Starting at the top line, return each entry word for word.

####

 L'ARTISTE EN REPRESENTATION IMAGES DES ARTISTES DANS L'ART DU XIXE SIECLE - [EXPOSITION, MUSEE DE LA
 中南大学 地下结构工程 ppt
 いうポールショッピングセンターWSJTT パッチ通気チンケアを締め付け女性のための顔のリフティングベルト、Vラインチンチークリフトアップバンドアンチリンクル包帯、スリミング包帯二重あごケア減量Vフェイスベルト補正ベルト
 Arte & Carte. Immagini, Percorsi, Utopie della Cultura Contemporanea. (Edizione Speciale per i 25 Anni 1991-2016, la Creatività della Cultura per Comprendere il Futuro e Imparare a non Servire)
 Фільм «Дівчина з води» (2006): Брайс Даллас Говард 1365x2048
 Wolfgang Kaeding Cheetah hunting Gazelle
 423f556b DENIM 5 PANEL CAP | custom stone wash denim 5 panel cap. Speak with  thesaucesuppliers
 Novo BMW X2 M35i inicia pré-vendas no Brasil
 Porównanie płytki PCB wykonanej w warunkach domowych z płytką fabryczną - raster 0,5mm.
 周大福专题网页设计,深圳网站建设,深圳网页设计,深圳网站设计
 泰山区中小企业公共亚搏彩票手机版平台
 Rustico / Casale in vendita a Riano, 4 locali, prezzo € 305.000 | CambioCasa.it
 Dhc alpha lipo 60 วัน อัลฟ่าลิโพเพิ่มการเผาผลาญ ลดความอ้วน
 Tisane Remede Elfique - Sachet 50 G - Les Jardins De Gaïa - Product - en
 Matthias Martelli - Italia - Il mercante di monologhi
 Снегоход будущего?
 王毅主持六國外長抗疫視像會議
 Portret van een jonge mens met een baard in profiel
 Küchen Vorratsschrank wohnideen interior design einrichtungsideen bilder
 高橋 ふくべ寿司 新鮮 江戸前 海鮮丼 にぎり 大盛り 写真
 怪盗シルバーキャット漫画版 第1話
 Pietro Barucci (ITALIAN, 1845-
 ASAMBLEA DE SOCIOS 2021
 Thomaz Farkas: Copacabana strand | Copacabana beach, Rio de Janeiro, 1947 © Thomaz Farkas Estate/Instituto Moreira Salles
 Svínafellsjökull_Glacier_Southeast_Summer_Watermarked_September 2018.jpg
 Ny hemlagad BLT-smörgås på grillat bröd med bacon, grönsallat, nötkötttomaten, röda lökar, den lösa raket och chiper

####

(Answer space)
 L'ARTISTE EN REPRESENTATION IMAGES DES ARTISTES DANS L'ART DU XIXE SIECLE - [EXPOSITION, MUSEE DE LA
 中南大学 地下结构工程 ppt
 いうポールショッピングセンターWSJTT パッチ通気チンケアを締め付け女性のための顔のリフティングベルト、Vラインチンチークリフトアップバンドアンチリンクル包帯、スリミング包帯二重あごケア減量Vフェイスベルト補正ベルト
 Arte & Carte. Immagini, Percorsi, Utopie della Cultura Contemporanea. (Edizione Speciale per i 25 Anni 1991-2016, la Creatività della Cultura per Comprendere il Futuro e Imparare a non Servire)
 Фільм «Дівчина з води» (2006): Брайс Даллас Говард 1365x2048
 Wolfgang Kaeding Cheetah hunting Gazelle
 423f556b DENIM 5 PANEL CAP | custom stone wash denim 5 panel cap. Speak with  thesaucesuppliers
 Novo BMW X2 M35i inicia pré-vendas no Brasil
 Porównanie płytki PCB wykonanej w warunkach domowych z płytką fabryczną - raster 0,5mm.
 周大福专题网页设计,深圳网站建设,深圳网页设计,深圳网站设计
 泰山区中小企业公共亚搏彩票手机版平台
 Rustico / Casale in vendita a Riano, 4 locali, prezzo € 305.000 | CambioCasa.it
 Dhc alpha lipo 60 วัน อัลฟ่าลิโพเพิ่มการเผาผลาญ ลดความอ้วน
 Tisane Remede Elfique - Sachet 50 G - Les Jardins De Gaïa - Product - en
 Matthias Martelli - Italia - Il mercante di monologhi
 Снегоход будущего?
 王毅主持六國外長抗疫視像會議
 Portret van een jonge mens met een baard in profiel
 Küchen Vorratsschrank wohnideen interior design einrichtungsideen bilder
 高橋 ふくべ寿司 新鮮 江戸前 海鮮丼 にぎり 大盛り 写真
 怪盗シルバーキャット漫画版 第1話
 Pietro Barucci (ITALIAN, 1845-
 ASAMBLEA DE SOCIOS 2021
 Thomaz Farkas: Copacabana strand | Copacabana beach, Rio de Janeiro, 1947 © Thomaz Farkas Estate/Instituto Moreira Salles
 Svínafellsjökull_Glacier_Southeast_Summer_Watermarked_September 2018.jpg
 Ny hemlagad BLT-smörgås på grillat bröd med bacon, grönsallat, nötkötttomaten, röda lökar, den lösa raket och chiper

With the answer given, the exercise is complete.